Whether molecular vibrations are a component of vertebrate and human olfaction is contested at the moment (Block et al., 2015a, b; Turin et al., 2015; Vosshall, 2015). Behavioral experiments in humans indicated that subjects were able to discriminate cyclopentadecanone isotopologues (Gane et al., 2013), but not those of the much smaller ACP (Keller and Vosshall, 2004; Gane et al., 2013). In contrast, differential activation by isotopologues was not reported when mouse ORs were expressed in cultured human kidney cells (Block et al., 2015a, b). Although perireceptor effects are not important in fly isotopologue discrimination, they may in fact be required for humans (Schilling et al., 2010), and clearly such mechanisms are lacking in tissue culture. Given that vertebrate ORs are GPCRs, while insect ORs are not, direct measurements of OR activity in situ akin to these described herein and in bees (Paoli et al., 2016) are essential to address the issue definitively. A mouse or other vertebrate model is likely to serve that purpose, and conversely fly dimeric ORs expressed in a heterologous system will complement these experiments.

The notion that, like hearing and color vision, smell is at least in part a spectral sense is indeed attractive, but additional experiments are needed to establish it fully, and to explore and define its parameters with precision. We have shown in Drosophila, and it has been reported for bees (Paoli et al., 2016), that at least for some odorants one component of OR activation is conferred by molecular vibrations. Molecular size, shape, or hydrophobicity of the odorant molecules are also likely involved, in combination with molecular vibrations or alone, for selective OR activation. Odor character has been proposed to be determined largely by molecular vibrations, while odor intensity by its shape (Turin and Yoshii, 2003). To address this working hypothesis requires electrophysiological recordings from single Drosophila ORs. However, given our data and those from bees (Paoli et al., 2016), the utilization of molecular vibrations to maximally activate specific receptors from those engaged by odorants based on the shape or size alone would provide additional selectivity and specificity. We do not know at the moment whether molecular vibrations are essential for the activation of all ORs in Drosophila and bees, but clearly they are for some. It would appear then that olfaction in Drosophila combines both chemical (functional groups, shape) and spectral (vibrations) components, and may be evolutionarily intermediate between the purely spectral senses (vision and hearing) and a purely chemical one (taste).
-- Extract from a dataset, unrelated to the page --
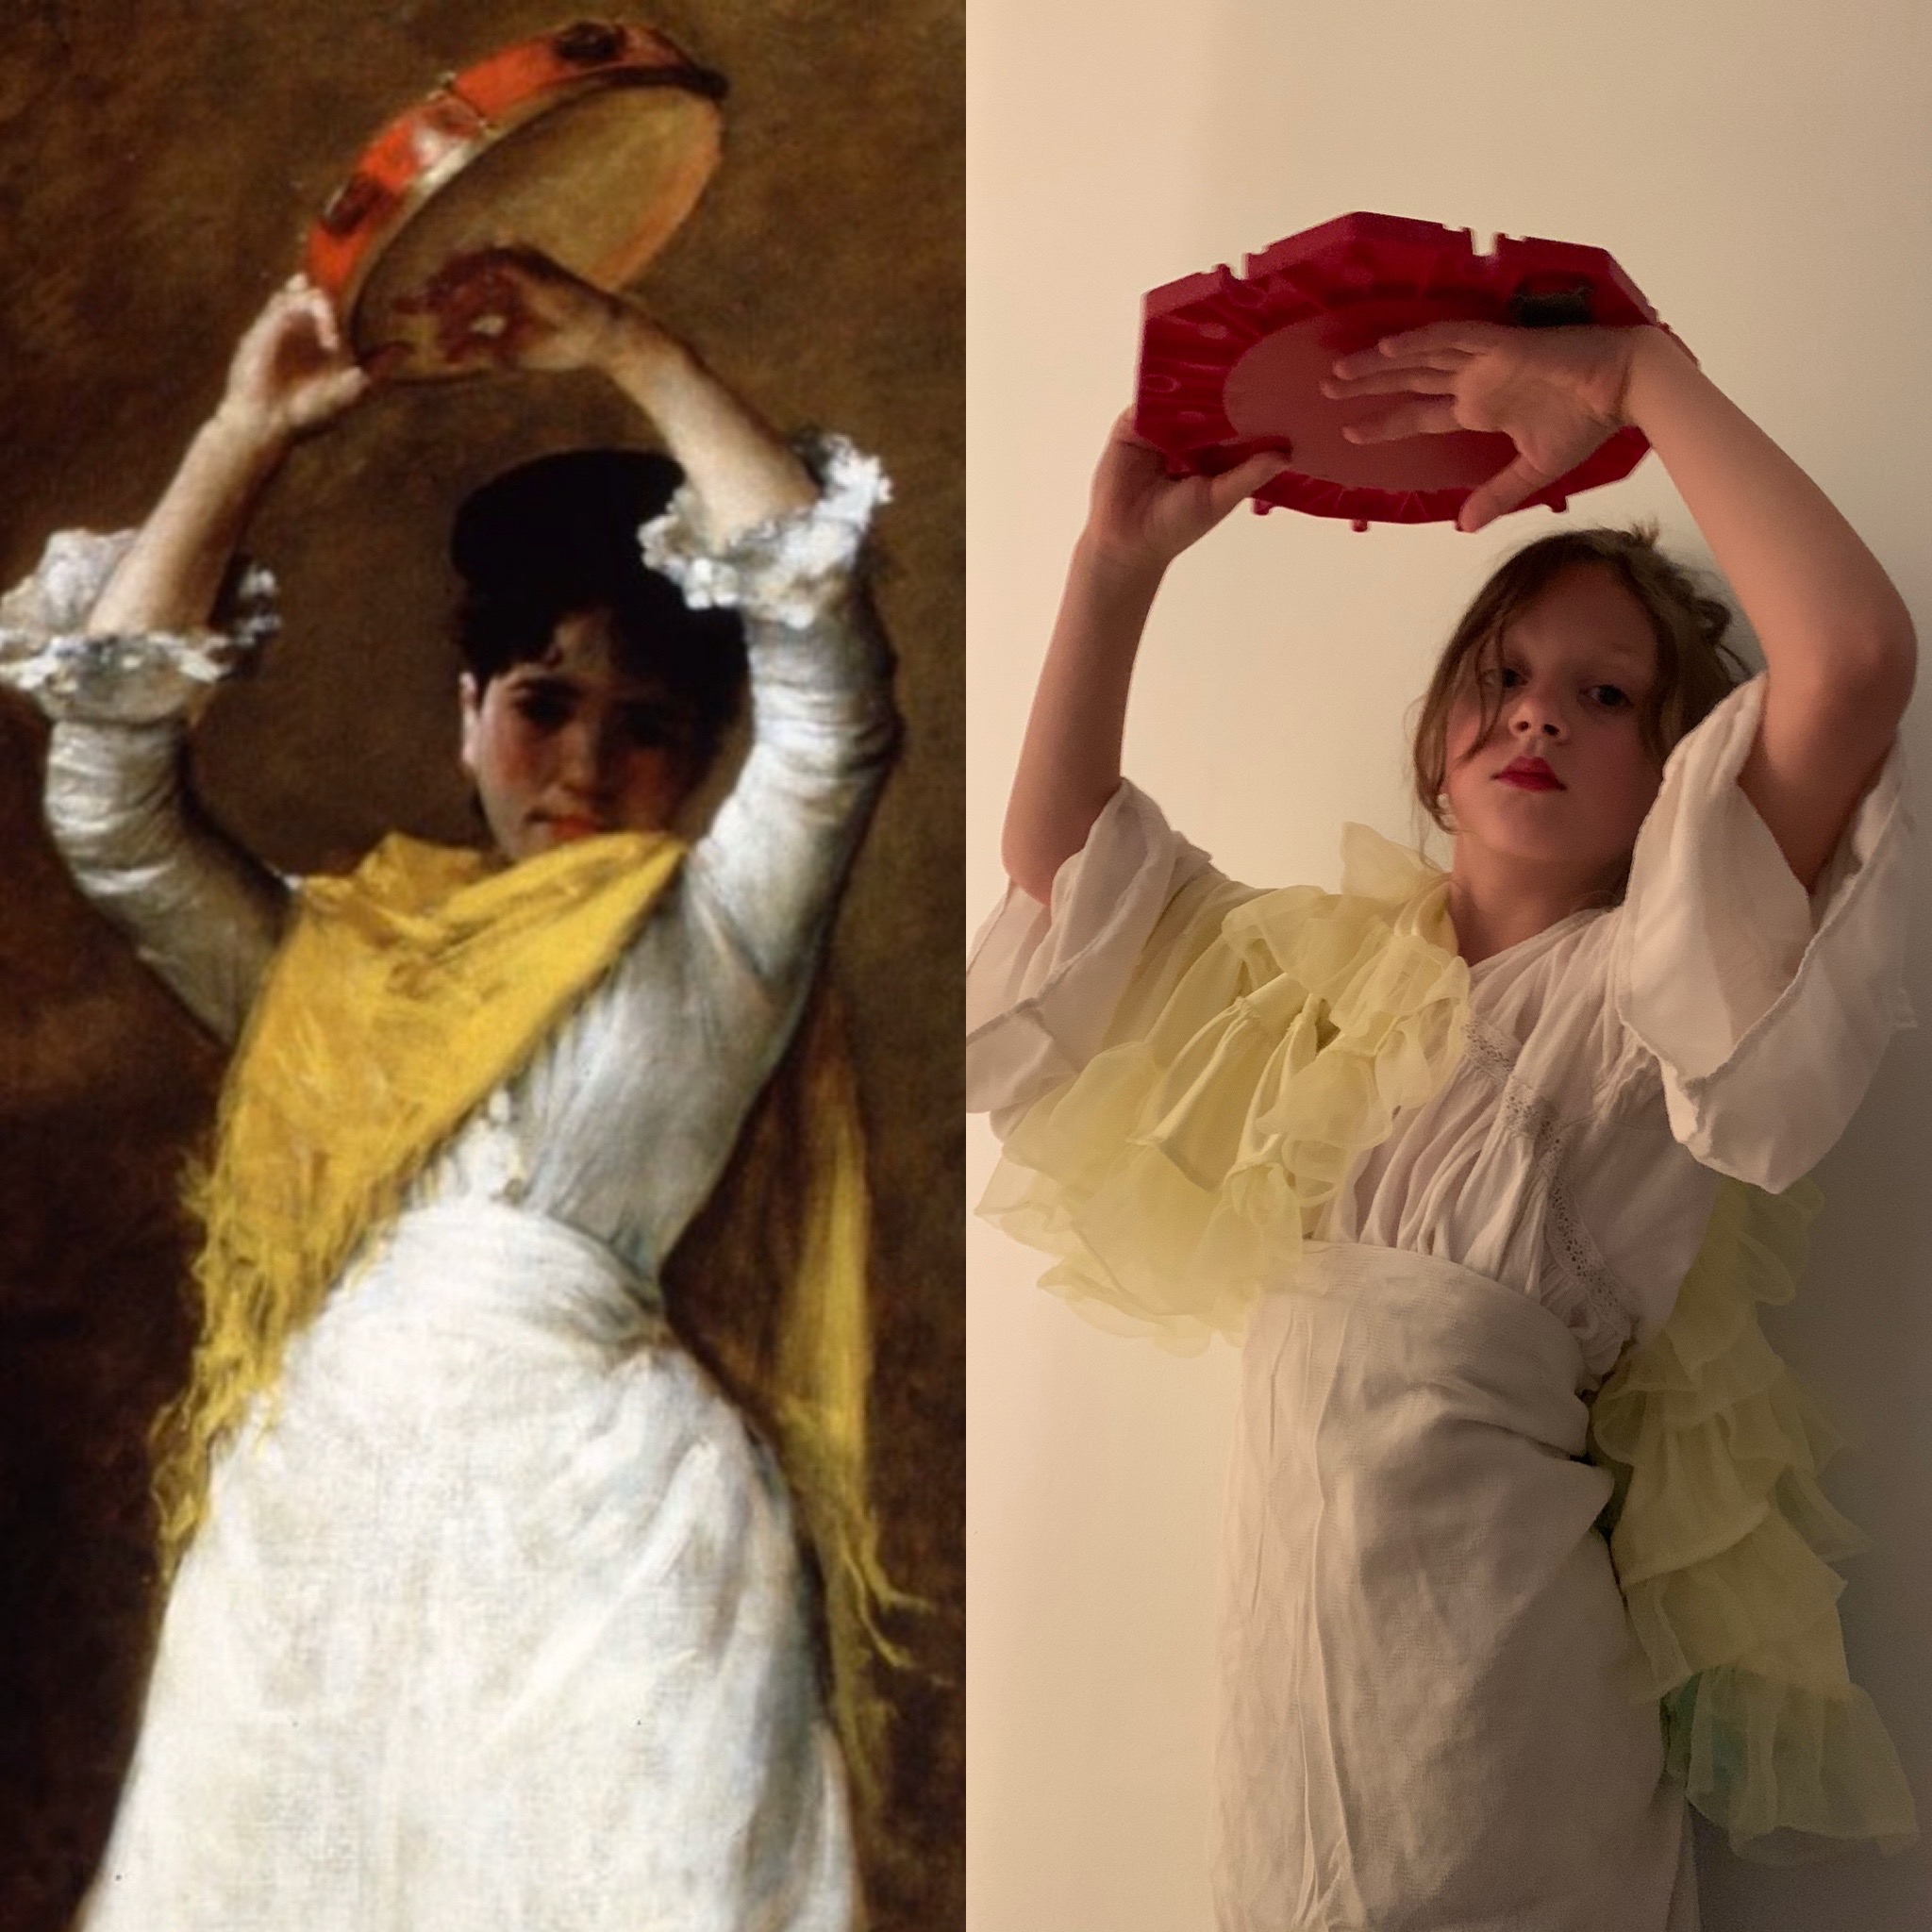 william merrit chase's artwork the tambourine girl on the left is compared to a recreation on the right. this is part of the Between art and quarantine challenge. 
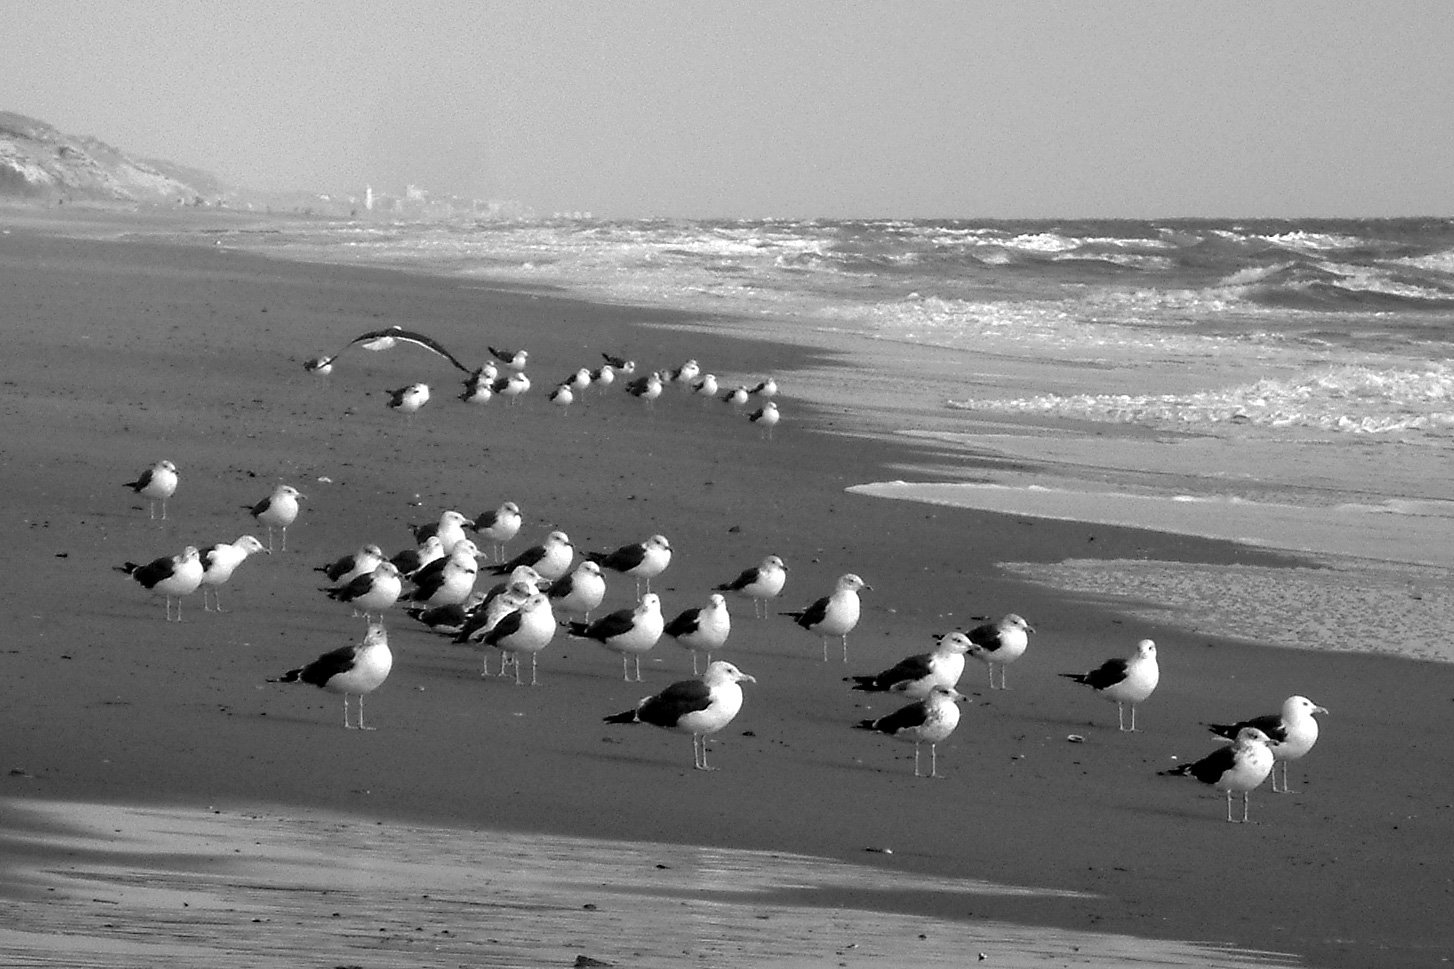 the seagulls are standing in front of each other on the beach

The exact mechanism that selectively activates ORs based on the molecular vibrations of odorant molecules is unclear at the moment. Because electron transfer in biological systems is not uncommon, theoretical models suggesting an electron tunneling mechanism for vibrational sensing (Turin, 1996; Brookes et al., 2007; Bittner et al., 2012; Solov'yov et al., 2012) are likely. However, such models are still incomplete because the structure of insect and vertebrate ORs is currently unknown; therefore, it is difficult to estimate the reorganization energy of the putative odorant-interacting sites that would be permissive to electron tunneling. Very recently, however, Reese et al. (2016) suggested that reorganization of molecular vibrations at the OR binding site are minimal and hence cannot suppress the proposed electron transfer mechanism (Brookes et al., 2007) of the odorant vibrational frequencies, as has been suggested before (Block et al., 2015a, b). Additional theoretical and experimental considerations on the vibration-sensing mechanism can be found in several recent publications (Vosshall, 2015; Paoli et al., 2016; Reese et al., 2016).

Although our results do not address these models directly, the identification of Drosophila ORs differentially responsive to one isotopologue, as in bees (Paoli et al., 2016), may offer an experimental approach. If the mechanism of vibrational detection requires electron movement, then amino acids acting as donors and acceptors may characterize ORs responding differentially to isotopologues of a particular odorant. Our evidence that isotopologue detection is broadly conserved within the genus will likely help to define such amino acids, which will be essential for future functional physiological, imaging, and behavioral experiments in single receptors in vivo.

Acknowledgments

Acknowledgments: We are grateful to Vioryl S.A. for use of their equipment and expertise, particularly D. Georganakis for purification of odorants and advice on the chemistry, M. Vamvakias for help with mass spectroscopy, and C. Koutsoudaki and V. Psatha for help with gas chromatography.

Synthesis

The decision was a result of the Reviewing Editor Darcy Kelley and the peer reviewers coming together and discussing their recommendations until a consensus was reached. A fact-based synthesis statement explaining their decision and outlining what is needed to prepare a revision is listed below. The following reviewer(s) agreed to reveal their identity: Joel Mainland</synthesis-intro>

This paper addresses the vibrational theory of olfaction using electrophysiological recordings from the antennae of several Drosophilid species [electroantennogram or "EAG" response] exposed to a range of odorant isotopes ["isotopomers"] and find that EAG amplitude, but not kinetics, differs in response to hydrogen and deuterium odorants. Inhibition of enzymes that catabolize odorants has no effect on the isotope response. The authors conclude that in vivo, isotope differentiation is not a perireceptor event, but likely occurs at the receptor itself, and that Drosophila readily distinguish odorants based on their molecular vibrations, which is the thesis of the vibrational theory of olfaction [VTO]. Given the controversy surrounding this theory, and the substantive nature of the findings, both reviewers agree that the paper could be an important contribution to the field.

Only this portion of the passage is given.